Изменить размер шрифта - +

— В самом деле? — обернулась к ней Доун. — Они действительно изменились? Нам об этом не сообщали, — и, поднявшись, она вышла в кухню. Там дежурили в ожидании указаний две девочки-старшеклассницы из местной школы, помогавшие — в дни, когда Лейвоу приглашали гостей к обеду, — подавать кушанья и уносить со стола посуду.

 

Марсия сидела по одну сторону от Лу Лейвоу, Джесси Оркатт — по другую. Перед Джесси стоял вновь наполненный стакан виски, которым она, судя по всему, умудрилась обзавестись в кухне, но он отодвинул его так, что ей было не дотянуться. Когда она попыталась встать, Лу не позволил. «Сидите, — строго сказал он. — Сидите и ешьте. Стакан вам не нужен. Нужно есть. Займитесь лучше тем, что на тарелке». Стоило ей шевельнуться на стуле, как он твердой ладонью прижимал ее руку к столу, напоминая, что она никуда не пойдет.
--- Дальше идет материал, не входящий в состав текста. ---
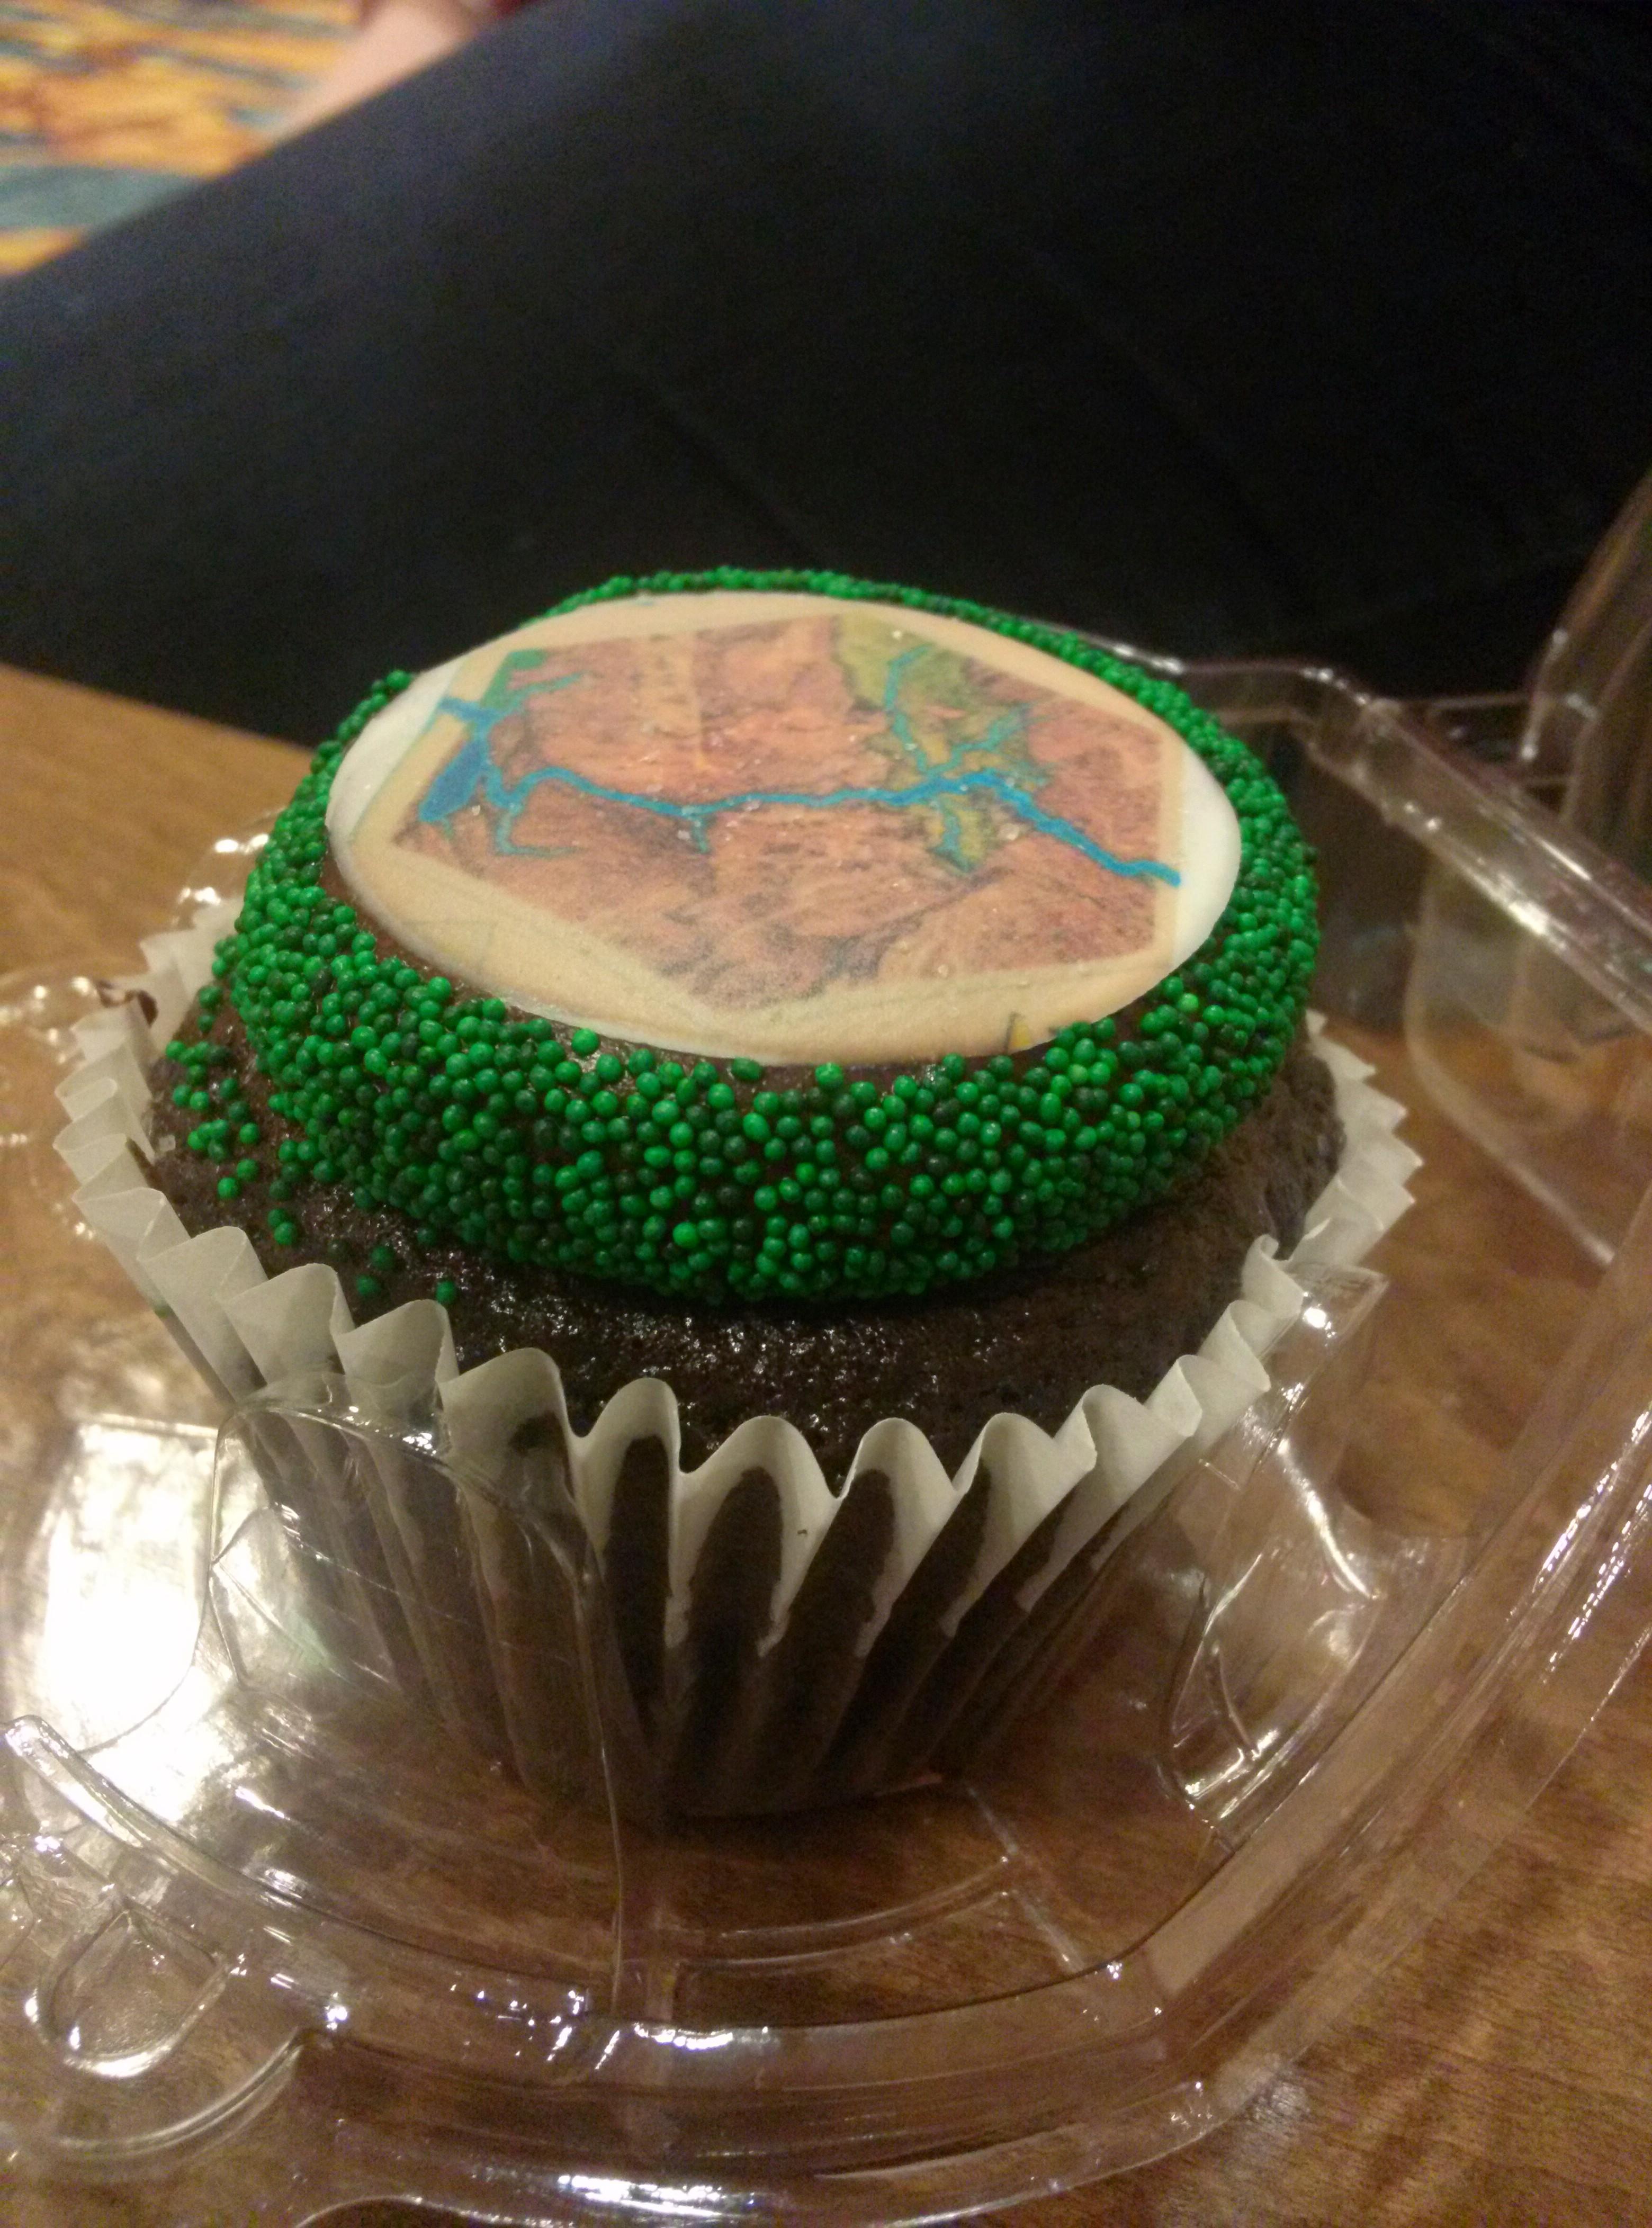 Cupcake of Catan

Двенадцать свечей горело в двух высоких керамических подсвечниках, и Шведу, сидевшему между матерью и Шейлой Зальцман, глаза обедающих — обманчиво, даже и глаза Марсии — казались в этом мягком свете исполненными глубокого понимания, бездонной доброты и тех оттенков чувств, которые все мы мечтаем видеть в своих друзьях. Благодаря тому месту, которое Шейла занимала в жизни его родителей, ее, как и Барри, ежегодно приглашали на обед в День труда. Когда Швед звонил во Флориду, отец очень редко прощался, не спросив перед этим: «А как там наша милая Шейла? Как поживает, что поделывает эта милочка?» «В ней столько достоинства, — без конца повторяла мать. — Такая утонченность. Разве она не еврейка, дорогой? Твой отец утверждает, что нет. И настаивает на этом».

Ему было непонятно, почему этот спор продолжался годами, но так или иначе вопрос о религиозных корнях блондинки Шейлы Зальцман составлял неотъемлемую часть жизни родителей. Для Доун, долгие годы старавшейся проявлять терпимость к его далеким от идеала родителям, как и он старался проявлять терпимость к ее далекой от идеала матери, это было самым необъяснимым из их странных пунктиков — и тем к тому же, что приводил ее в ярость (прежде всего, потому, что Доун понимала: в глазах ее подрастающей дочери Шейла обладала чем-то, чего не было у нее, Доун, и в результате Мерри доверяла своему врачу так, как уже не доверяла матери). «Что? Разве ты единственный еврей-блондин на свете?» — спрашивала у него Доун. «Все это никак не связано с ее внешностью, — объяснял Швед, — это связано с Мерри». — «Как связано с Мерри, еврейка она или нет?» — «Не знаю. Шейла была ее психотерапевтом. Они боготворят ее за все, что она сделала для Мерри». — «Но все-таки, скажем прямо, она не была ее матерью, а?» — «Они прекрасно это понимают, — спокойно отвечал Швед, — но ее профессионализм воспринимается ими как что-то вроде волшебства».

Именно так воспринимал его и он; причем не столько в тот период, когда Шейла была врачом Мерри, — тогда он разве что отмечал неожиданную сексапильность ее строгой сдержанности, — сколько после исчезновения Мерри и погружения жены во мрак горя.

Жестоко сброшенный со своей обжитой высотки, он ощутил жажду, источник которой был где-то в самой глубине его существа, жажду бездонную, толкнувшую его к решению, такому для него чуждому, что ему было даже не осознать всей невероятности происходящего. В спокойной вдумчивой женщине, которая научила Мерри естественнее воспринимать самое себя, выучила ее преодолевать речевую фобию и справляться с захлестывающими друг друга фразами, но при этом усилила ее детское чувство неподконтрольности, он почувствовал ту, которую хочет влить в свою жизнь. Мужчина, почти двадцать лет сохранявший верность жене, принял решение влюбиться безрассудно и коленопреклоненно.